# Are there any green africans



## gr8Fan (Oct 29, 2009)

Just a rookie question, is there any green africans?


----------



## cjacob316 (Dec 4, 2008)

yes, look at victorians, there are lots of them with green in them, not all green, but a good bit, ruby greens and flamebacks off the top of my head


----------



## Darkside (Feb 6, 2008)

Male Corematodus taeniatus from Lake Malawi are green.


----------



## Fogelhund (Dec 3, 2002)

What do you want it to go in with? What sized tank?


----------



## gr8Fan (Oct 29, 2009)

I have a 55 gal(standard size), I'm looking to stock different colors. I know with my tank my options are limited.

Any suggetions?


----------



## walleye (Aug 20, 2007)

Tramitichromis sp. "Intermedius" males are green.


----------



## cjacob316 (Dec 4, 2008)

do you want all male haps peacocks? if so i would say

yellow- benga peacock
red - ruby red peacock
orange- flametail peacock
green- Haplochromis sp. "Flameback" (look under victorians)
silver- placidochromis electra
dark dark blue - C. trewavasae


----------



## Fisherman727 (Sep 20, 2008)

Hello gr8Fan,

If you are keeping Malawi Peacocks and Haps, you might want to consider the Otopharynx Tetrastigma.
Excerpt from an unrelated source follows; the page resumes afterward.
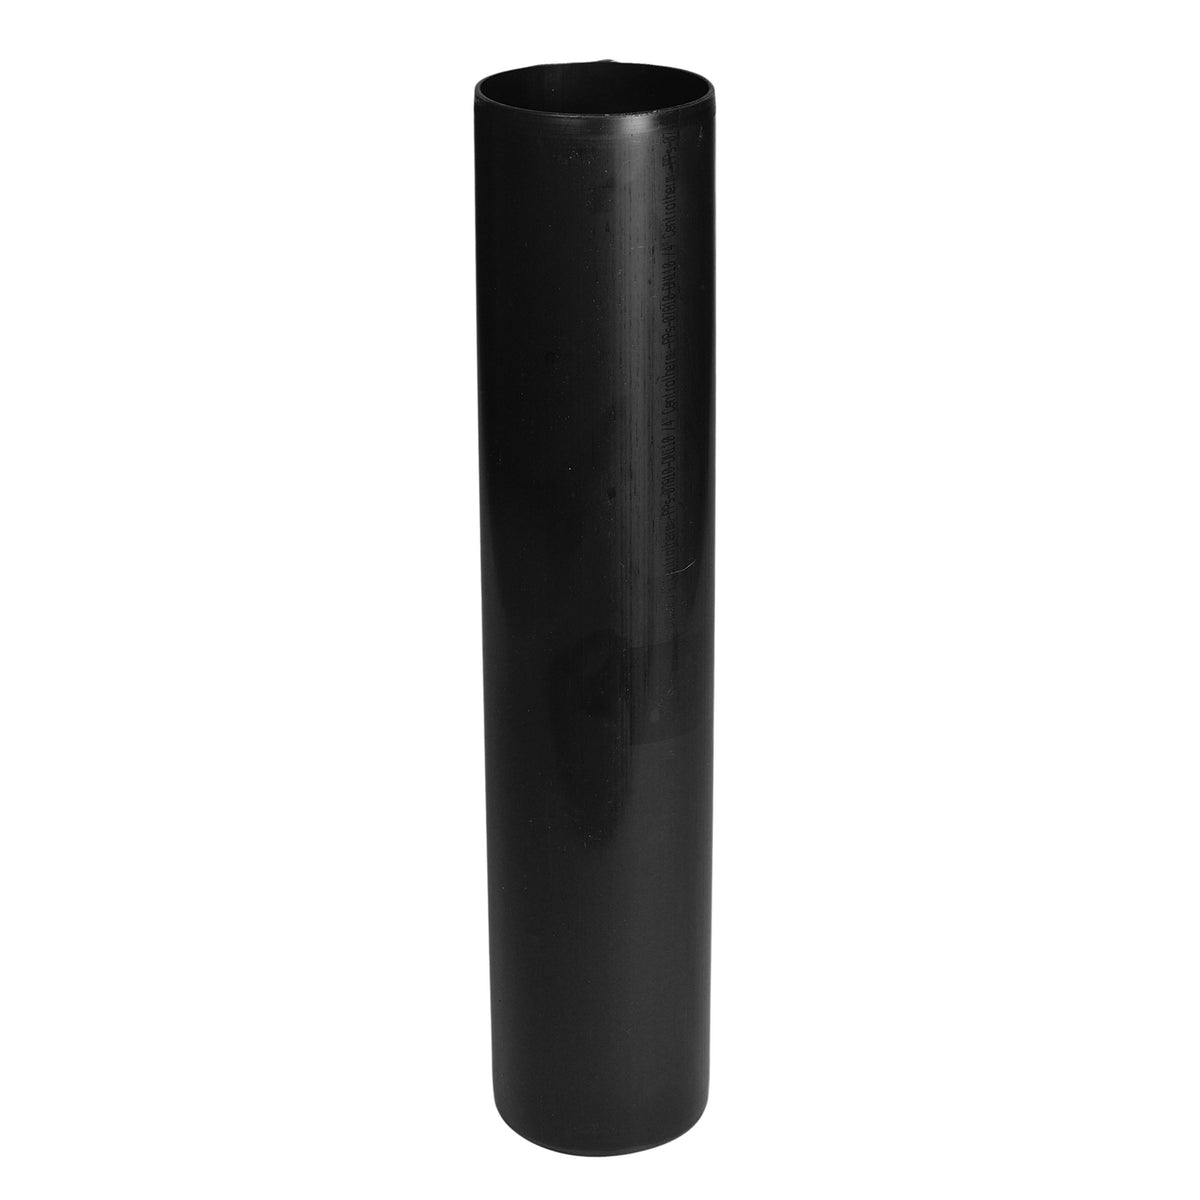 Centrotherm ISEP04 InnoFlue Residential SW Black End Pipe PPS-UV - 4" D x 19.7" L

I has irridescent green with red on fins on mottled on the body as well. It is a "not-so-common" hap with unusual coloring.

Good Luck with your search!


----------



## gr8Fan (Oct 29, 2009)

Thanks for the suggestion all.

Hey for some reason I can't find the profile about Otopharynx Tetrastigma, maybe its under a different name?

Any help would be great.


----------



## Fisherman727 (Sep 20, 2008)

Hello,

As I had mentioned, Otopharynx Tetrastigma is not commonly available. If you "google" the name, it will show several sites with pictures of the fish.

Also, if you access to the book titled "Malawi Cichlids in their Natural Environment" by Ad Konings (both the 3rd and 4th editions) you will find pictures and information about this fish in its natural environment in Lake Malawi.

Good Luck....


----------



## caseyof99 (Aug 5, 2009)

what about livingstoni or venustus? You might have to get a bigger tank in a year or so tho


----------



## steelers fan (Jun 26, 2009)

> what about livingstoni or venustus? You might have to get a bigger tank in a year or so tho


buy the tank first then the fish


----------



## caseyof99 (Aug 5, 2009)

No way! the fish give you the incentive to get the bigger tank. you stick with smaller cichlids theres no need to get a bigger tank. worked for me. :lol: Got a couple years til you need to upgrade with these guys anyway


----------



## kbuntu (Aug 25, 2008)

I have a Tramitichromis sp. "Intermedius" males and they are sort of green. But you won't find a really green cichlid.


----------



## Darkside (Feb 6, 2008)

kbuntu said:


> I have a Tramitichromis sp. "Intermedius" males and they are sort of green. But you won't find a really green cichlid.


The male Corematodus taeniatus is really a very green fish. They are very uncommon in the hobby even though they're relatively common in the lake. Its just something about their feeding habits that turn hobbyists off. :lol:


----------